In-vitro- Eckzahn Neutrophilenzahl extrazelluläre Trap Bildung: Dynamische und Quantitative Analyse von Fluoreszenz-Mikroskopie
Summary
Wir beschreiben Methoden zum isolieren eckzahn Neutrophils aus Vollblut und NET Bildung in live Neutrophilen mit Fluoreszenz-Mikroskopie zu visualisieren. Protokolle, NET Bildung und citrullinierte Histon H3 zu quantifizieren sind auch beschrieben (citH3) Ausdruck mit Immunfluoreszenz-Mikroskopie.
Abstract
Als Reaktion auf eindringende Krankheitserreger loslassen Neutrophilen Neutrophilenzahl extrazelluläre fallen (Netze), die extrazelluläre Netzwerke von DNA mit Histonen und antimikrobielle Proteine verziert sind. Übermäßige Netto Bildung (NETosis) und citH3 Release bei Sepsis ist mit mehreren organdysfunktion und Mortalität bei Mäusen und Menschen, aber ihre Auswirkungen bei Hunden sind unbekannt.

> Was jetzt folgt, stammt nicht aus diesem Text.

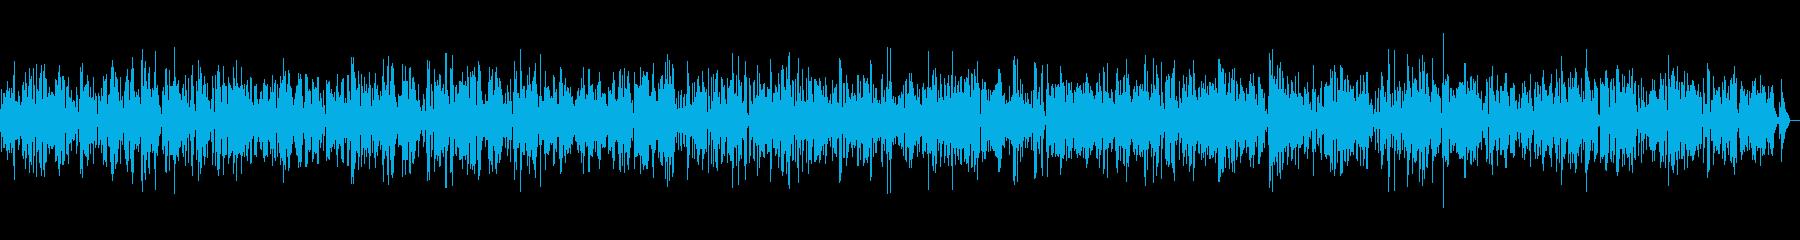 カフェBGM!ピアノジャズ&ボサノバ!の再生済みの波形

Hier beschreiben wir eine Technik, um Hunde Neutrophilen aus Vollblut zur Feststellung und Quantifizierung der NETosis zu isolieren. Leukozyten-reiche Plasma, erzeugt durch Dextran Sedimentation wird durch handelsübliche Dichte Gradienten Trennung Medien getrennt und Granulozyten gesammelt für Zell-Graf und Durchführbarkeit zu testen. Um Echtzeit-NETosis in live Neutrophilen beobachten, werden Zelle permeationsfähigen und Zelle impermeant fluoreszierenden Nukleinsäure Flecken Neutrophilen aktiviert durch Lipopolysaccharid (LPS) oder Phorbol Myristate-12 13-Acetat (PMA) hinzugefügt. Veränderungen in der nuklearen Morphologie und NET Bildung sind im Laufe der Zeit durch Fluoreszenzmikroskopie beobachtet. In-vitro- NETosis zeichnet sich weiter durch co-ns1 zellfreie DNA (Blut), Myeloperoxidase (MPO) und citrullinierte Histon H3 (citH3) mit einem modifizierten Doppel-Immunolabelling-Protokoll. Um Objektiv zu quantifizieren, NET Bildung und citH3 Ausdruck mit Fluoreszenz-Mikroskopie, Netze und citH3-positiven Zellen in einer verblindeten Weise mit verfügbaren Software quantifiziert. Diese Technik ist eine spezifischen Assay, der in-vitro- Kapazität der eckzahn Neutrophilen NETosis unterziehen zu bewerten.
Introduction
Neutrophile sind kurzlebige Granulozyten verantwortlich für die anfängliche Verteidigung gegen eindringende Krankheitserreger. Neutrophile, an den Ort der Infektion, rekrutiert beseitigen Mikroorganismen durch Phagozytose, Degranulation und Generierung von reaktiven Sauerstoff-Spezies (ROS)-1. In Anwesenheit von Bakterien oder Endotoxine verziert neutrophile Release Neutrophilenzahl extrazelluläre fallen (Netze), bestehend aus extrazellulären Chromatin mit Histonen und granulare Proteine wie Elastase und Myeloperoxidase (MPO)2. Zwar Netze unverzichtbar antimikrobielle Eigenschaften, Erhöhung der experimentellen und klinischen Beweis schlägt vor, dass übereifrige NET Bildung bei Sepsis zu mehreren Organ Dysfunktion und Tod3,4, führen kann 5 , 6.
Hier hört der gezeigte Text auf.